##### Data segment

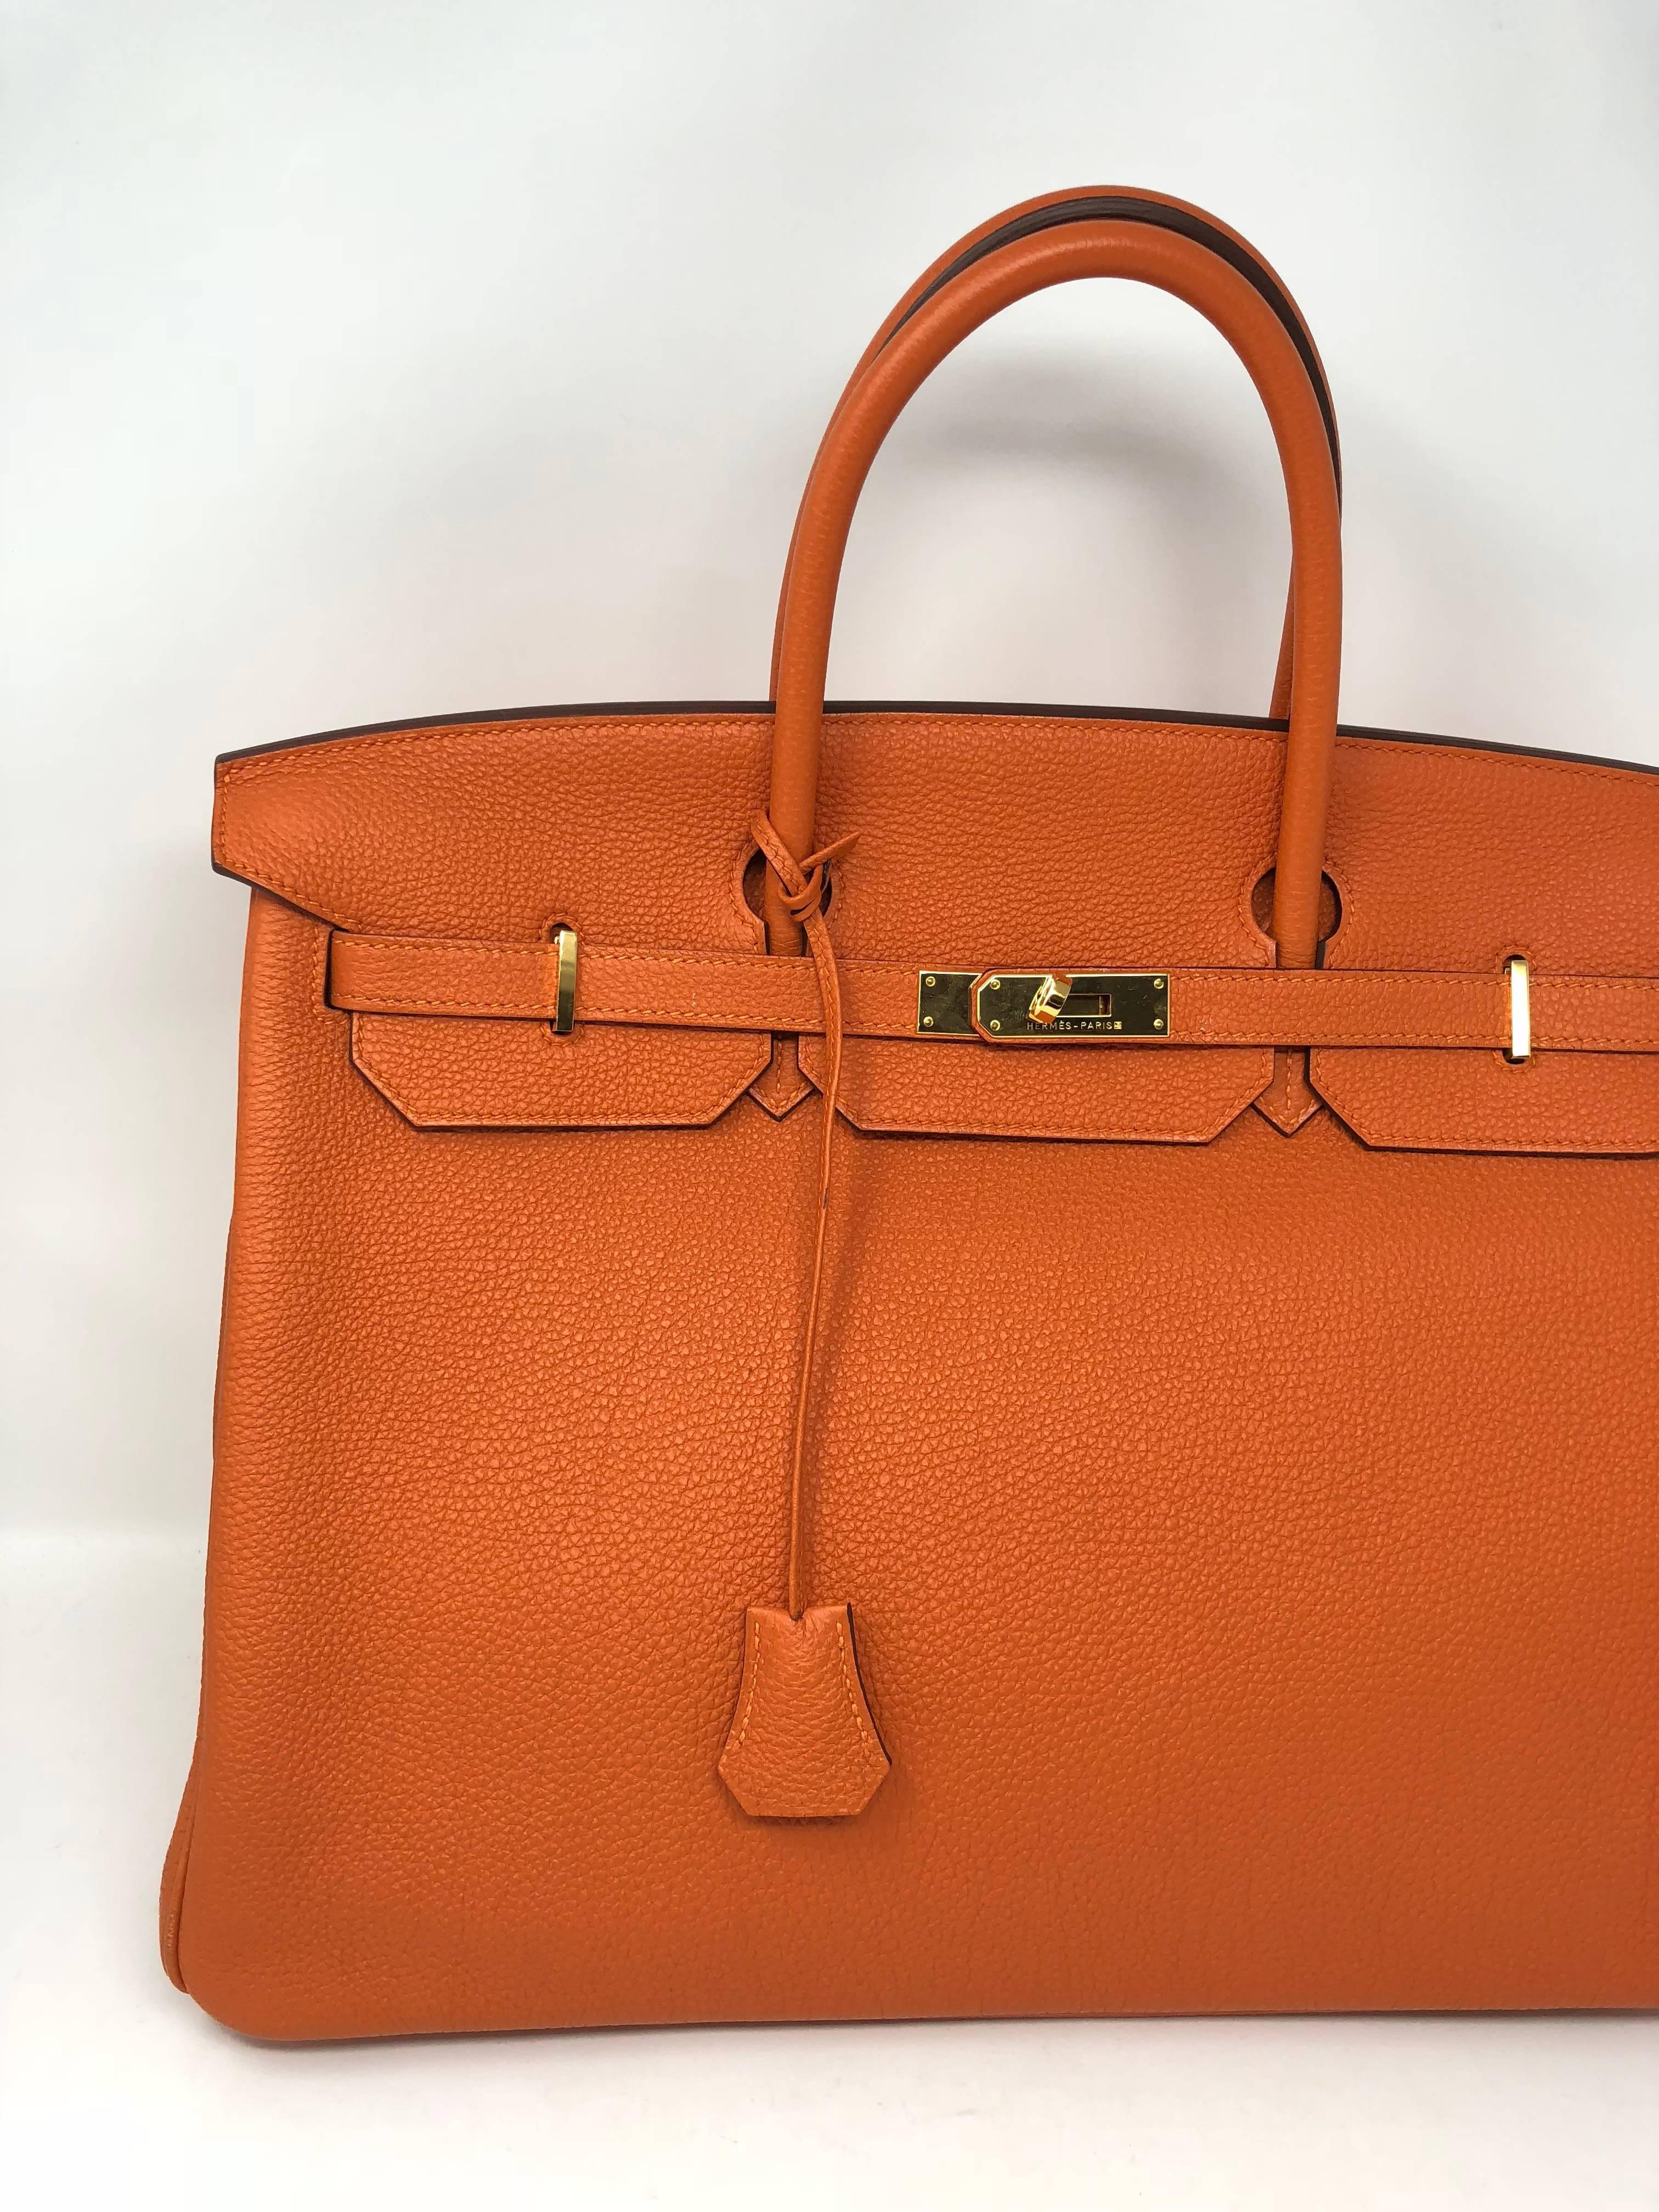 Hermes Birkin 40 Orange Togo with gold hardware. Like new condition. Clochette, keys and dust cover included. Guaranteed Authentic. 
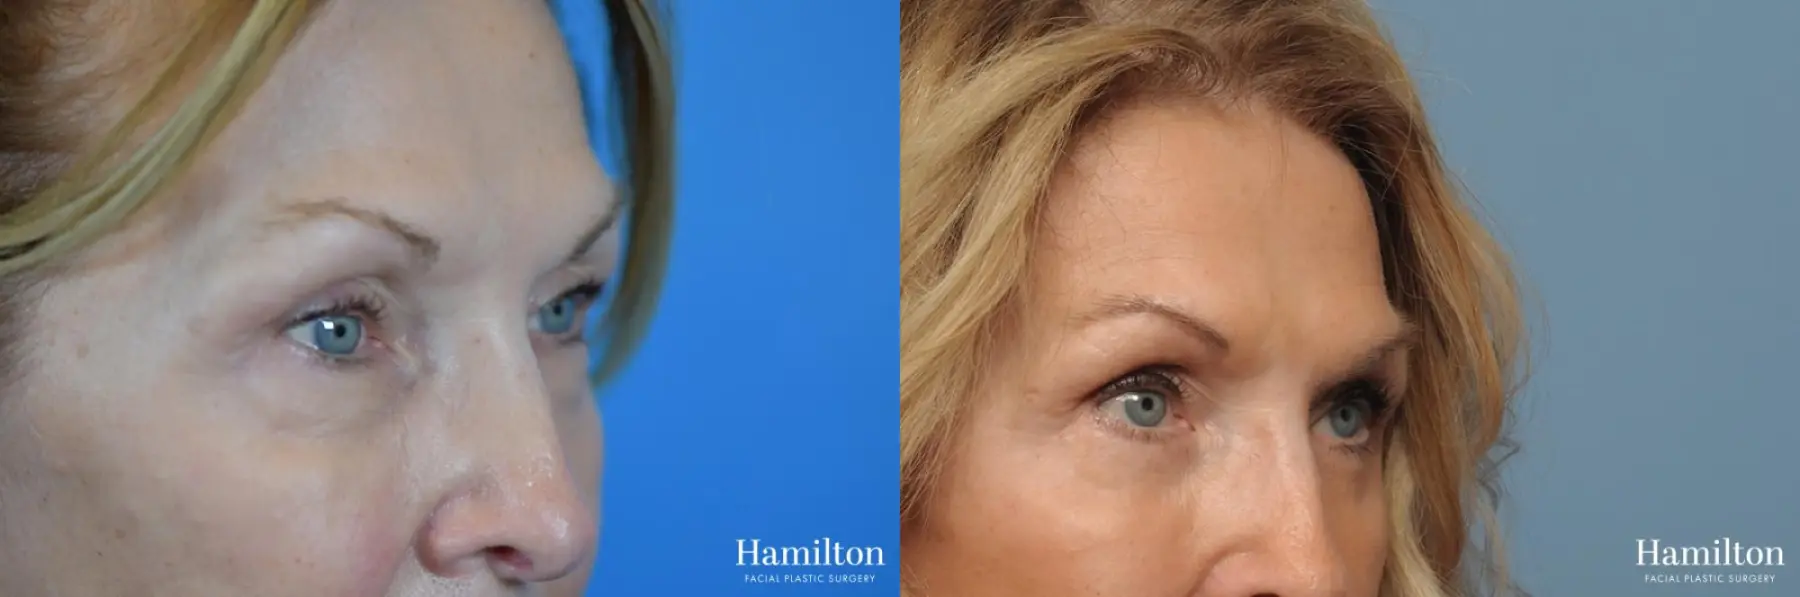 Blepharoplasty: Patient 5 - Before and After 5
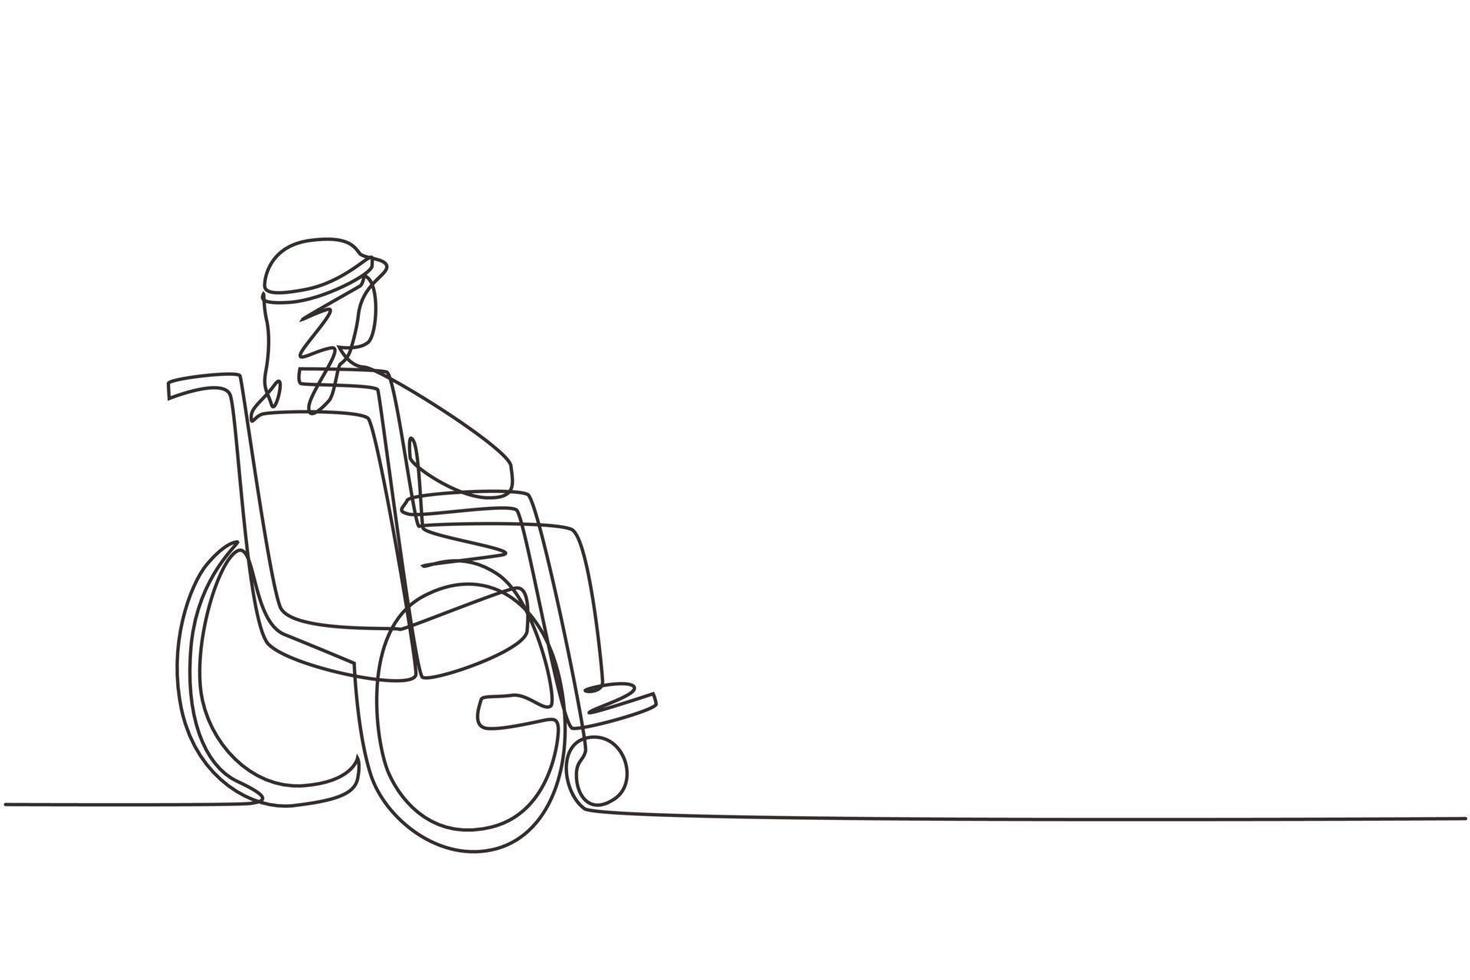 Continuous one line drawing back side of lonely old Arab man sitting on wheelchair, looking at distant dry autumn leaves in outside. Lonely, forlorn, desolate, lonesome. Single line draw design vector
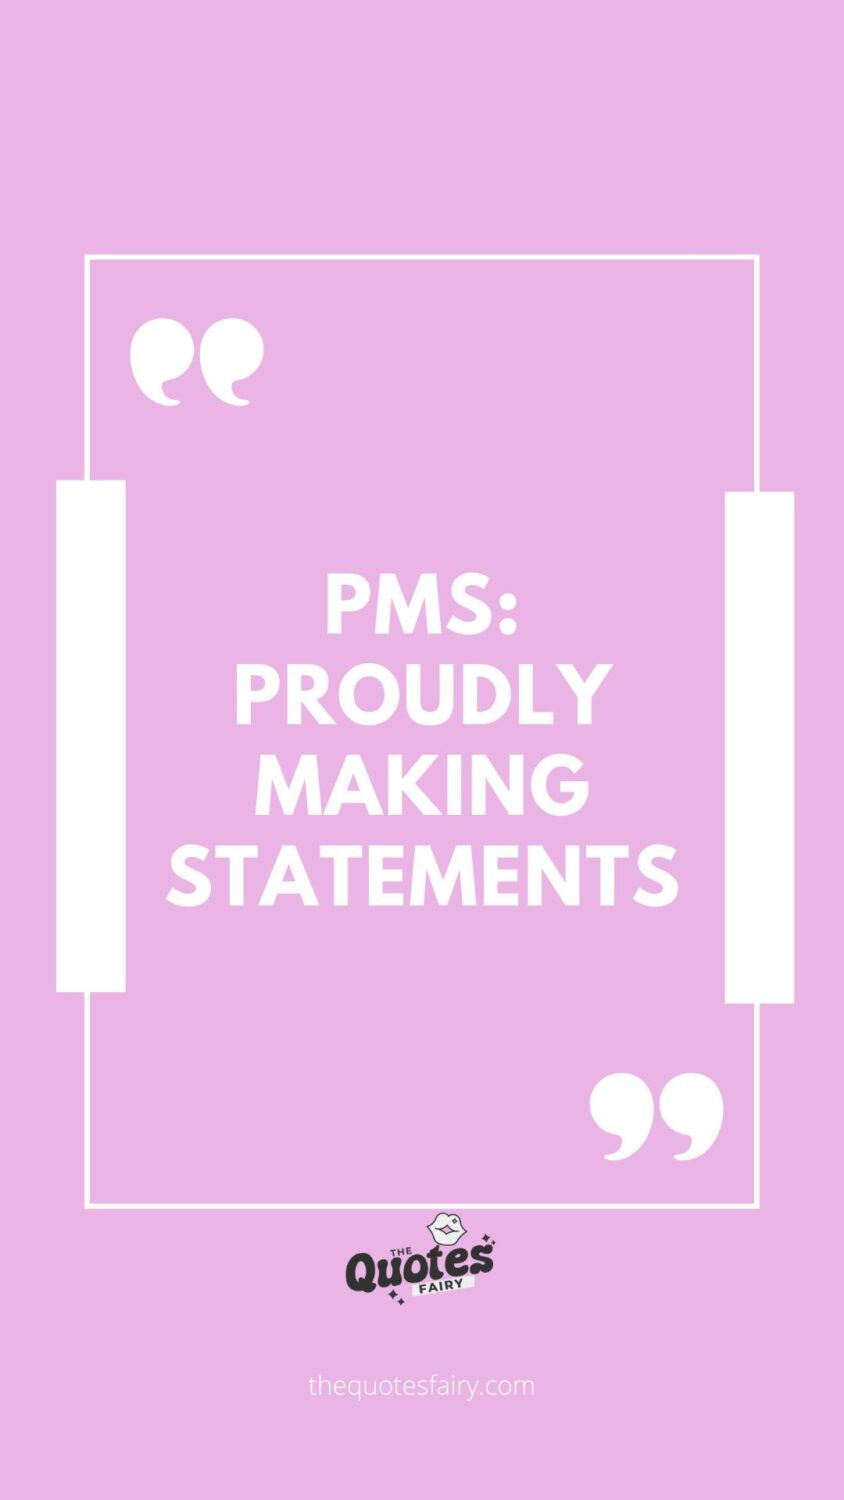 Funny PMS quotes

##########

Assigned task
The range to transcribe runs from the line holding "Continuous one line" through the final line of the data above; copy it exactly and exclude the pictures.

Answer to the problem
 Continuous one line drawing back side of lonely old Arab man sitting on wheelchair, looking at distant dry autumn leaves in outside. Lonely, forlorn, desolate, lonesome. Single line draw design vector
 Funny PMS quotes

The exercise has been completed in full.